This study aims to investigate the effect of ertugliflozin, an SGLT2 inhibitor, on cardiac function in individuals with T2D and pre-HF. By focusing on LVGLS and other echocardiographic parameters, we intend to elucidate the potential mechanisms underlying the cardioprotective effects of ertugliflozin in this population.
Methods
Study design and participants
The Ertu-GLS study was a 24-week, single-center, randomized, double-blind, placebo-controlled, parallel-group trial (trial protocol is available in Supplemental methods). The study was approved by the Institutional Review Board of Seoul National University Bundang Hospital (SNUBH), Republic of Korea (B-1801-498-002), and conducted in accordance with the principles of the Declaration of Helsinki.
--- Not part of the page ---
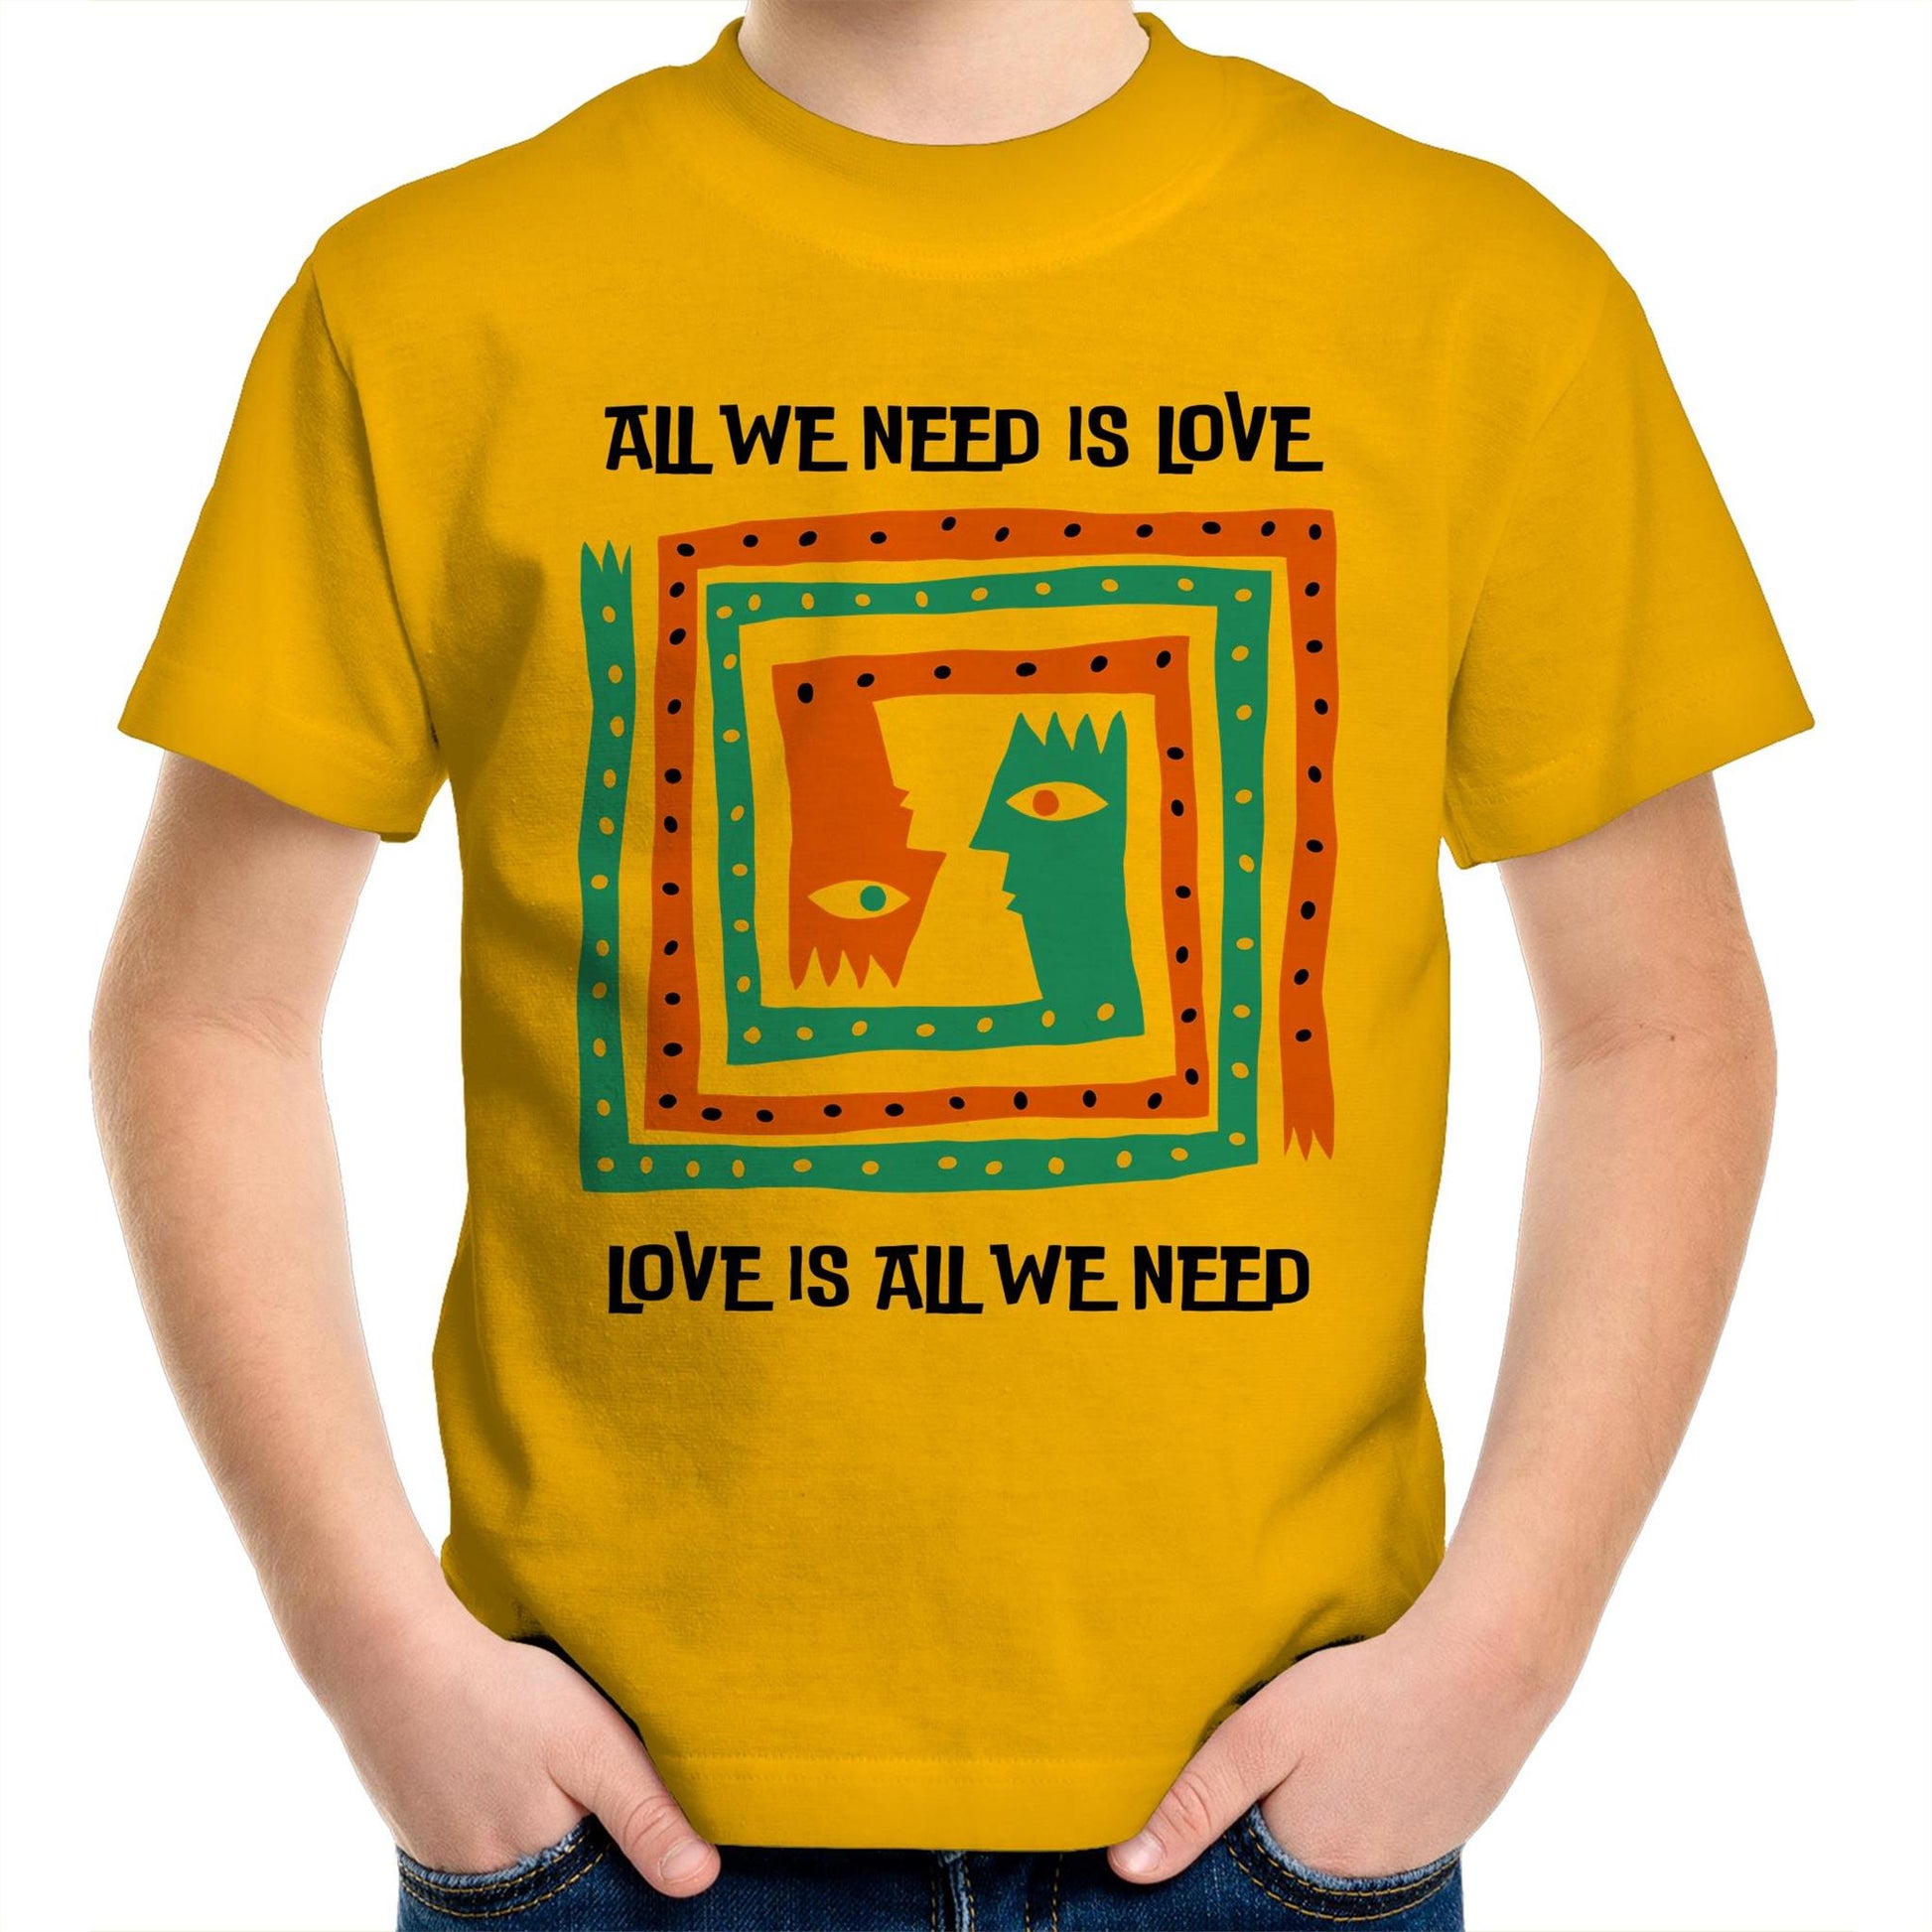 All We Need Is Love - Kids Youth T-Shirt Gold Kids Youth T-shirt

Our trial outcomes are reported in line with the Consolidated Standards of Reporting Trials (CONSORT) 2010 statement and the CONSORT-Outcomes 2022 extension [13].
We enrolled individuals with T2D and pre-HF. The main inclusion criteria were as follows: 1) adults diagnosed with T2D who had been receiving treatment with one or more oral antidiabetic medications (such as metformin, sulfonylureas, thiazolidinediones, dipeptidyl peptidase-4 inhibitors, or alpha-glucosidase inhibitor, excluding SGLT2 inhibitors) and/or insulin according to local guidelines for at least 12 weeks without any dose adjustment before enrollment; 2) glycated hemoglobin (HbA1c) levels between 7.5% and 9.0% to avoid complications from additional glycemic control; 3) estimated glomerular filtration rate ≥45 mL/min/1.73 m2; 4) pre-HF, defined by at least one of the following criteria: left ventricular hypertrophy (LVH) with a left ventricular mass index (LVMI) ≥ 95 g/m2 in women or ≥ 115 g/m2 in men, E/e’ >15, or impaired LVGLS of exceeding − 16% [1].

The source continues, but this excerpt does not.